Having been launched last year and with a seemingly solid software solution already in place, who is The Content Exchange currently working with and what are the plans for future expansion?
“We work with about 35 publishers who are offering their content right now. These are publishers from all around Europe including from places like Turkey, Netherlands, Belgium, UK, Spain, etc. There’s a lot of offering there. We now also have around 12-15 buyers who buy on a more regular basis – so not the one off sales – and that includes people like a science magazine in Turkey, Belgian business websites, beauty blog, Dutch weather websites. So it is expanding now.”
And finally, as pragmatic and seemingly long overdue a solution like The Content Exchange is, having spoken to Joris and learned a little bit about his experience in the industry over the years, it also seems to be something he is hugely passionate about. So just how important is it that something like TCE exists in the industry today, especially in terms of bringing a more egalitarian approach back to the sharing of content at scale?
“Yeah when you’re a publisher you see editors working, and there’s a lot of passion and expertise that goes into creating a piece. Could take a day, even more, to create a good article being written.
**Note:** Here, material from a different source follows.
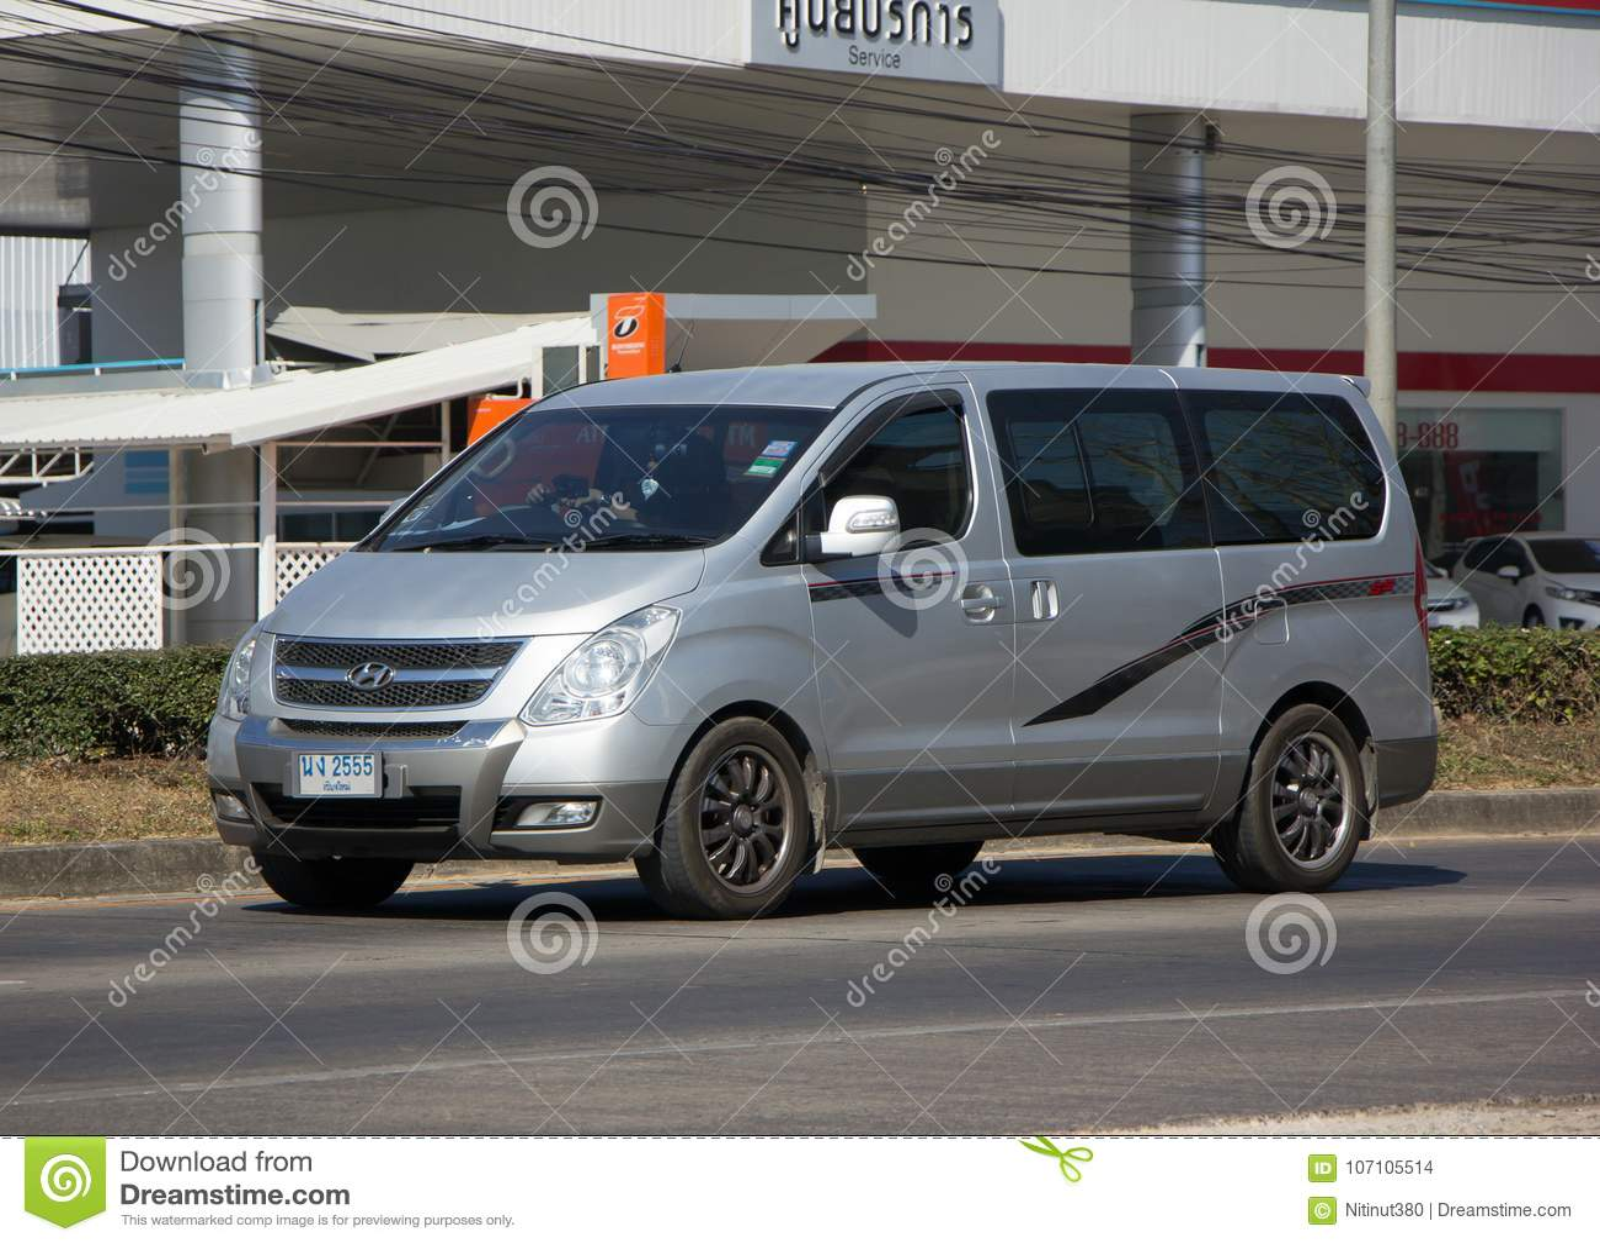 Luxury Van From Hyundai Korea. Hyundai H1. Editorial Stock ...

And when you look at the numbers for example in digital you might see that you’ve reached 15,000-20,000 for a business article – that could be an average number for a good article – and then you could say well there are potentially a few hundred thousand for who for them this item might be interesting.”
“As I said at the beginning it feels for me personally kind of a waste that some product that has been worked on with expertise and time and resources, is limited in such a way that only the brand that created it will reach its audience. And after that it has no life at all. I think that is really a pity, because much more people could get inspired by that kind of content.”
“At the same time, we see publishers struggling with their budget and wondering really how much content can I create? Can I afford to have? And if there’s easy ways to expand your production/output to your readers, while at the same time making reuse of good content, I think it’s good sense.”
“There’s also the second thing that has always amazed me a bit, in that most editors will be really happy when their content has been copied by someone else… they’ll say ‘Oh, I have been picked up by this and this… Great!’ But in a way it isn’t great, because as an editor you want to be read of course, that’s why you make it, but the silly thing is that there’s really been no infrastructure to make it a value exchange. The second question should be ok someone took it, but also I want to get something out of it, because then I can make a living out of it and produce more.”
“So for example we work with a big network of freelancers, and they produce pieces, and they put it on TCE as well. And most of those pieces have been published once, but the rights are going back to the freelancer, and I’m really happy if we sell it because I know that freelancers often have a hard time in monetisation of their items, but they still make very good content. So I think from a view of let’s start spreading quality content around the world and making an infrastructure that makes that worthwhile, this is something I am really passionate about, as are all the people working on TCE.”